The point of having strings be immutable is that I know that if I have a reference to a string, that string can never change. This is a very useful guarantee when passing strings around. If we didn't have this guarantee, we'd be copying strings all the time just to protect ourselves from someone modifying them. For instance, consider a standard setter function for a name property:
void setName(String n) {
this.name = n;
}
If strings weren't immutable, we'd have to do this:
void setName(String n) {
this.name = new String(n); // Blech, duplication
}
...so that we know our copy of the string won't change in ways we don't expect it to.
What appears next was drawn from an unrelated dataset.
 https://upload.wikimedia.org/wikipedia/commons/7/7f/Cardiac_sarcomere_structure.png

This would result in a lot of duplication of string data in memory, most of it unnecessary, and so the designers of Java quite intelligently decided that strings would be immutable, and any changes you might want would create a new string rather than modifying the old one in-place. (You can get modify-in-place behavior for those situations that really warrant it by using char[] instead.)
Regarding your separate question about the difference between str = "abc"; and str = new String("abc"), the difference is that the latter (using the constructor) is guaranteed to return a new reference, whereas the former is not. E.g.:
String a = "abc";
String b = "abc";
String c = new String("abc");
a == b (checking whether the references match, not the strings) will be true, because literal strings are interned. a == c is guaranteed to be false, because we used the constructor for c. a.equals(b) and a.equals(c) will both be true, because a, b, and c all refer to equivalent strings.
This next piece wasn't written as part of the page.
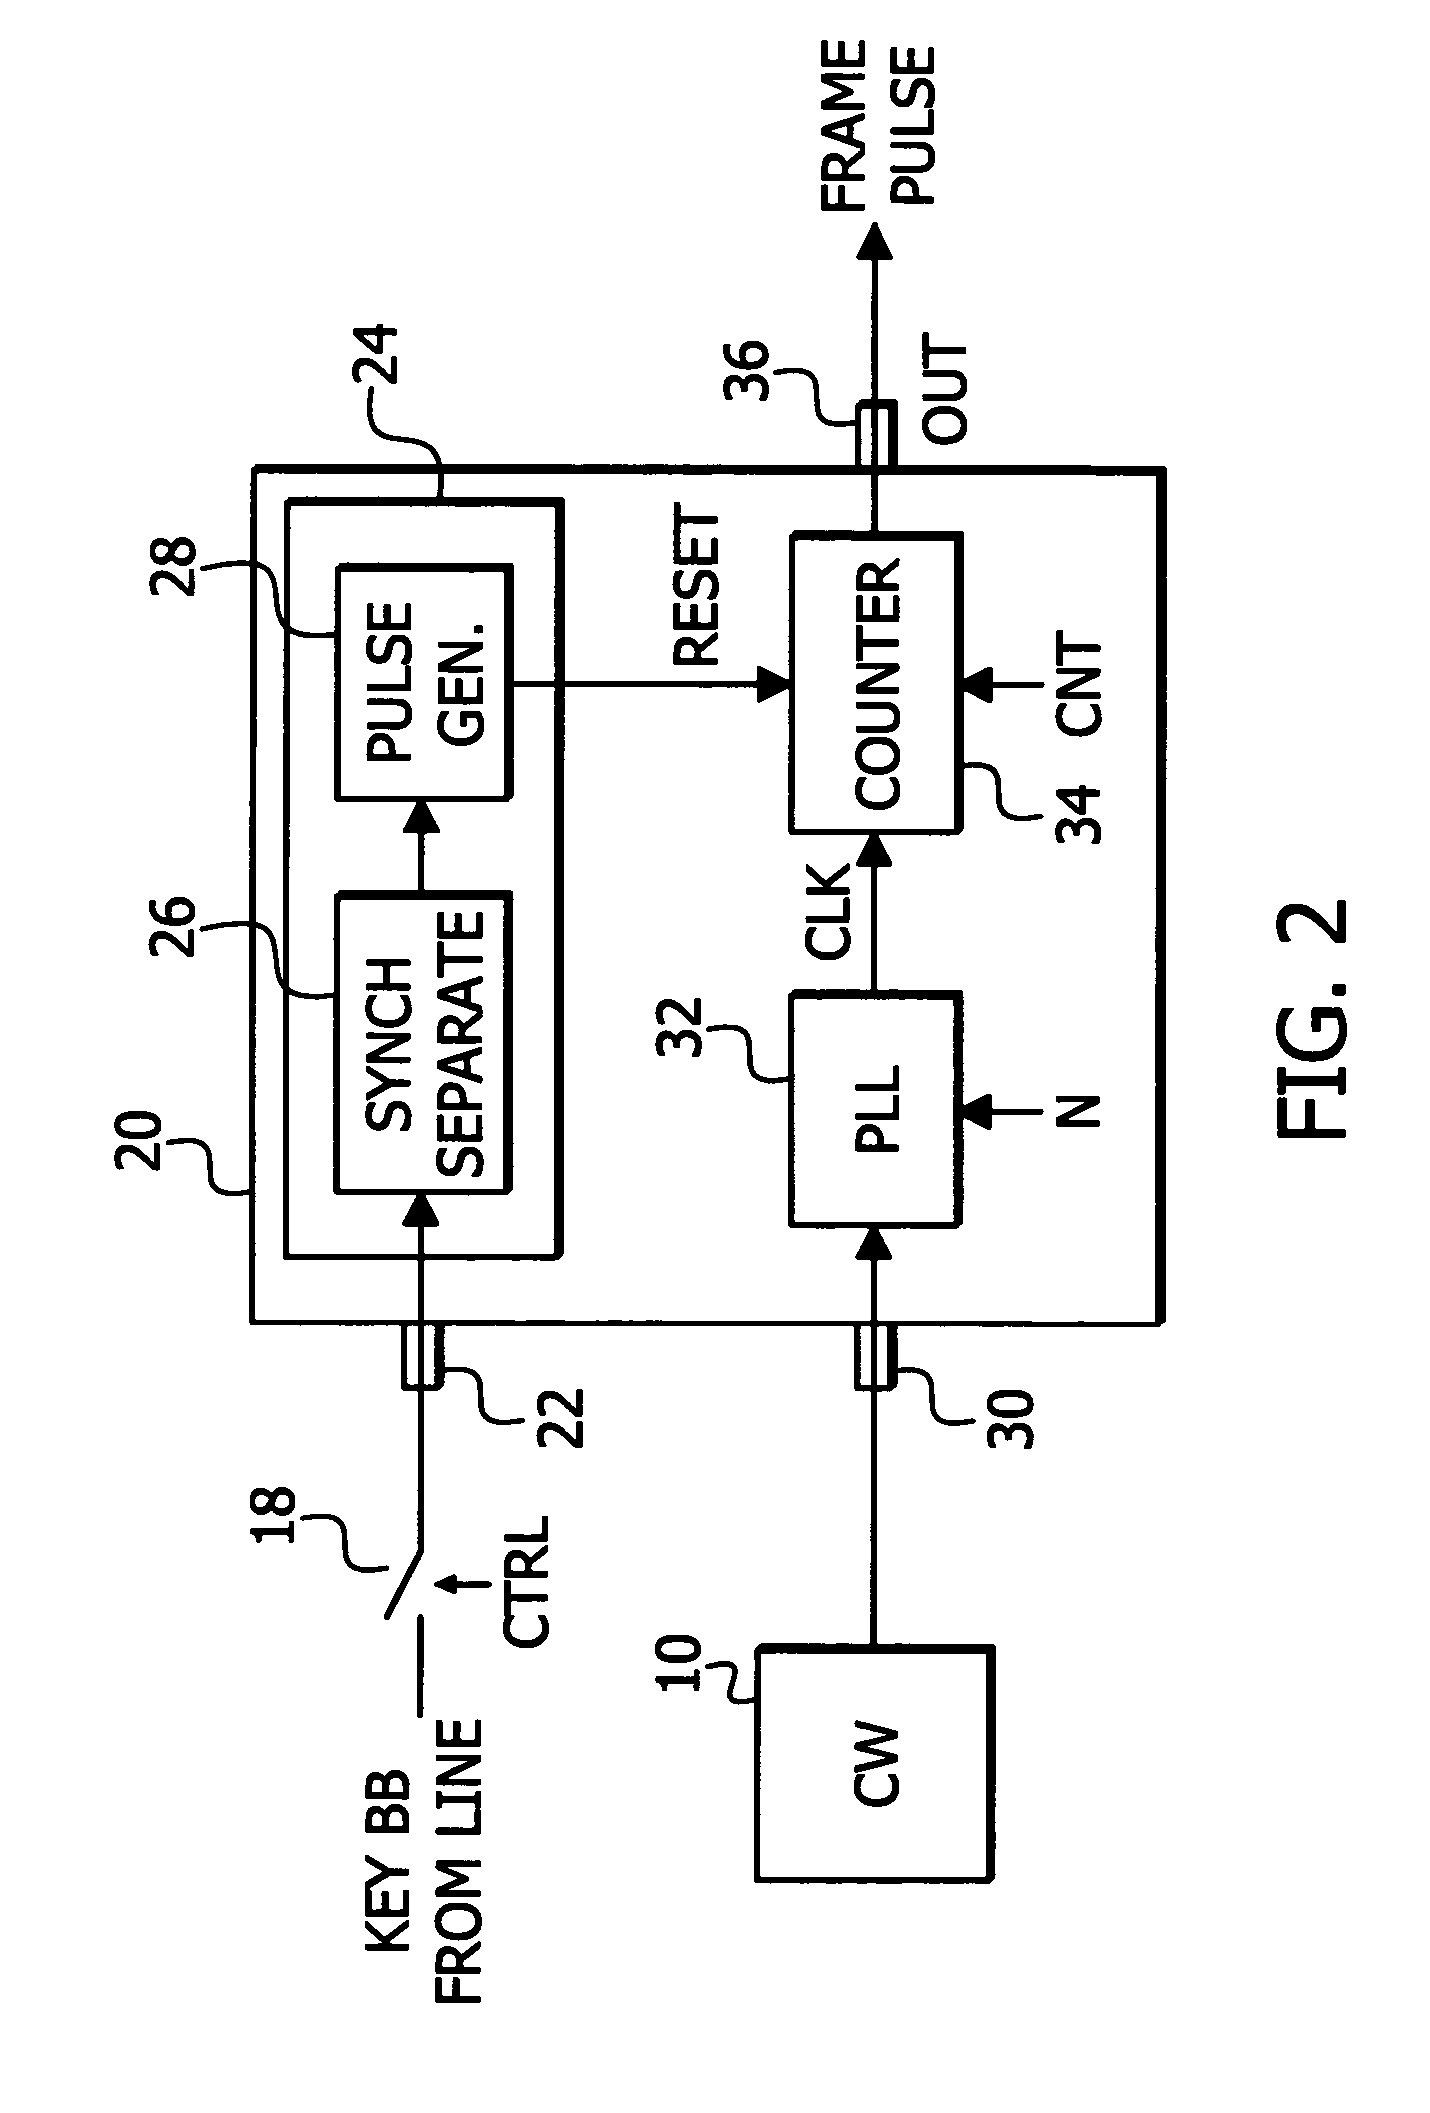 Method and apparatus for generating a reference television signal

If Strings are immutable then below
statement should have compilation
error!
You are misunderstanding the immutability concept. Look at Prasoon's answer.
String immutability means you cannot alter the contents inside the string.
String a = "hello";
String b = "hello";
System.out.println(a==b); // returns true.
Here both a and b both string literals refer the same object.
What is the difference between two
instantiations ?
String a = "hello";
String b = "hello";
System.out.println(a==b); // returns true.
Both refer to same String literal.
String a = new String("hello");
String b = new String("hello");
System.out.println(a==b); // returns false.
Two different String Objects are created.
String str = "xyz";
is an internal cached string instance.
String str = new String("xyz");
is a new object not instanciated from the cache
As side fact notice the following behaviour ...
"xyz" == "xyz" evals true
new String("xyz") == new String("xyz") evals false
new String("xyz").equals(new String("xyz")) evals true
notice also that == in Java compares object references.